These are a couple of fall pics of the farm and scenery


----------



## Mattuk (Oct 16, 2010)

Roberta said thank you.

Very nice Tom.


----------



## bones44 (Jan 7, 2011)

Thanks Matt. We just built the barn (Dad & myself) 2 years ago and slowly getting everything else done as finances allow us. I love the scenery around here no matter what time of the year.


----------



## Mattuk (Oct 16, 2010)

Roberta loves those big walk through barns, shame as she's not getting one!


----------



## bones44 (Jan 7, 2011)

LMAO !! They're not cheap. That I do know.
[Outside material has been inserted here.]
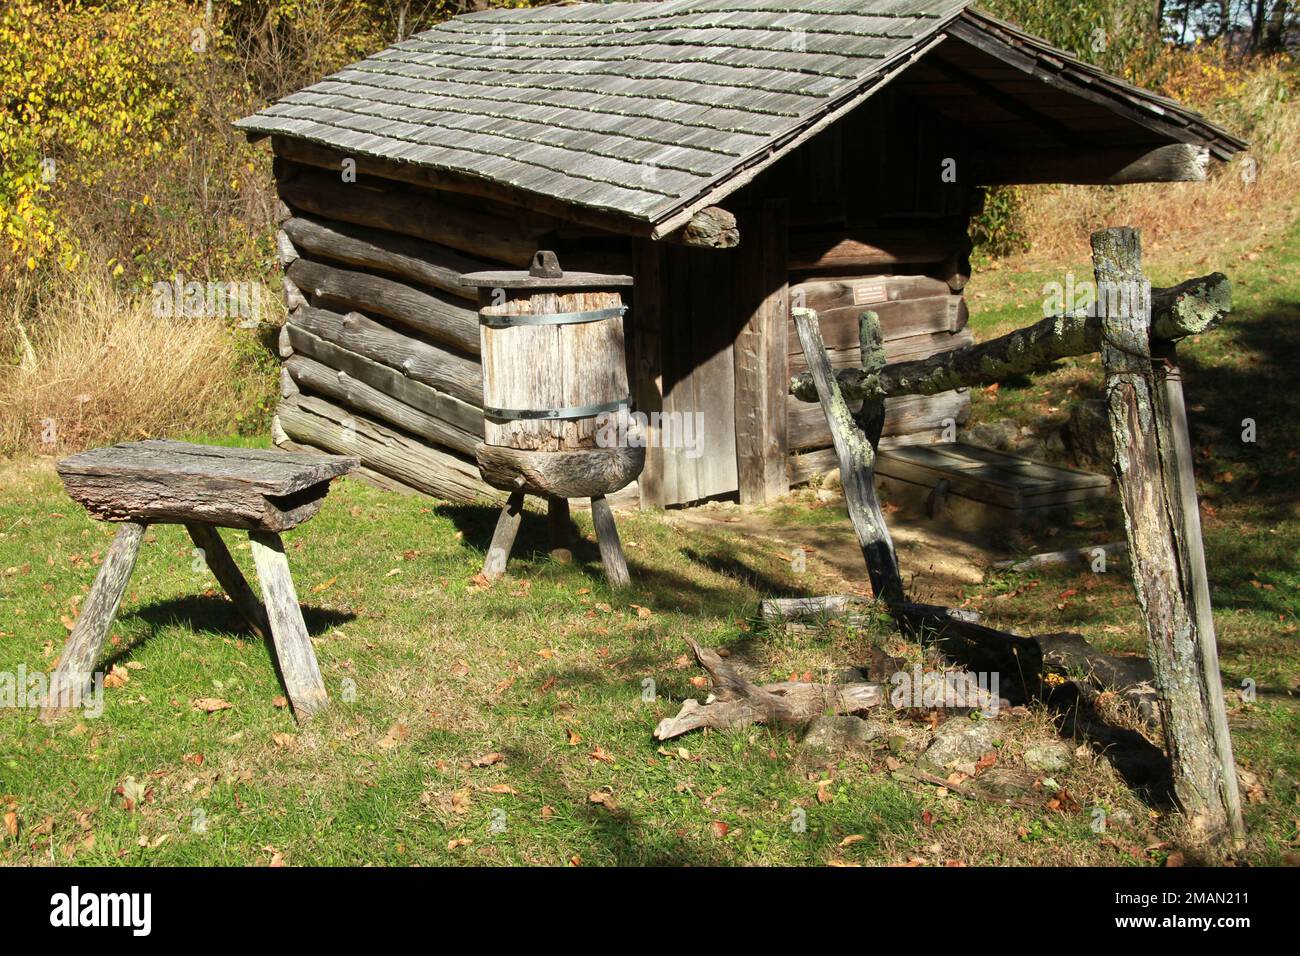 Old structure at the historical Johnson Farm in Virginia's Blue Ridge Parkway, USA. Stock Photo

I'm a carpeneter and saved a ton of money doing it all myself on weekends for 2 1/2 months while working overtime. It was well worth it though.


----------



## Mattuk (Oct 16, 2010)

When she has money coming out of her ears she can pay me to build one!


----------



## bones44 (Jan 7, 2011)

LMAO !! Better be glad she can't see that one !!


----------



## hassell (Feb 9, 2010)

Nice looking critter's and setup, my barn must be 80 or 90 years old-- not much left of the roof.


----------



## bones44 (Jan 7, 2011)

Thanks Hassell !! Lot of sweat equity but it paid off.Horses are spoiled as spoiled can be.


----------



## Mattuk (Oct 16, 2010)

They always are! Bloody things!


----------



## hassell (Feb 9, 2010)

Wanted to do this earlier but I didn't know for sure if I had it figured out as I haven't put my predator file back on the computer so here's a link of the horses and airy Barn!!

Hope this works!!

http://www.predatortalk.com/gallery/files/2/4/0/178.jpg


----------



## bones44 (Jan 7, 2011)

Beautiful horses Hassell !! Like the barn in the backdrop. I'm a historical carpenter but don't think I could save that one. LOL


----------



## youngdon (Mar 10, 2010)

Nice pics of some great looking horses Rick. Love the barn, it reminds me of where I grew up.


----------



## ReidRH (Feb 1, 2010)

Wow that is all I can Say they are Beautiful, I am not a horse man but if I were I'd be payin y'all a visit!! That has to be the prettiest Horses I have ever seen!! Overo! Awesome!!


----------



## On a call (Mar 3, 2010)

1-800-roofs


----------



## youngdon (Mar 10, 2010)

You may be able to get good money for the old barn siding if you know the right person. Old and rustic is in.


----------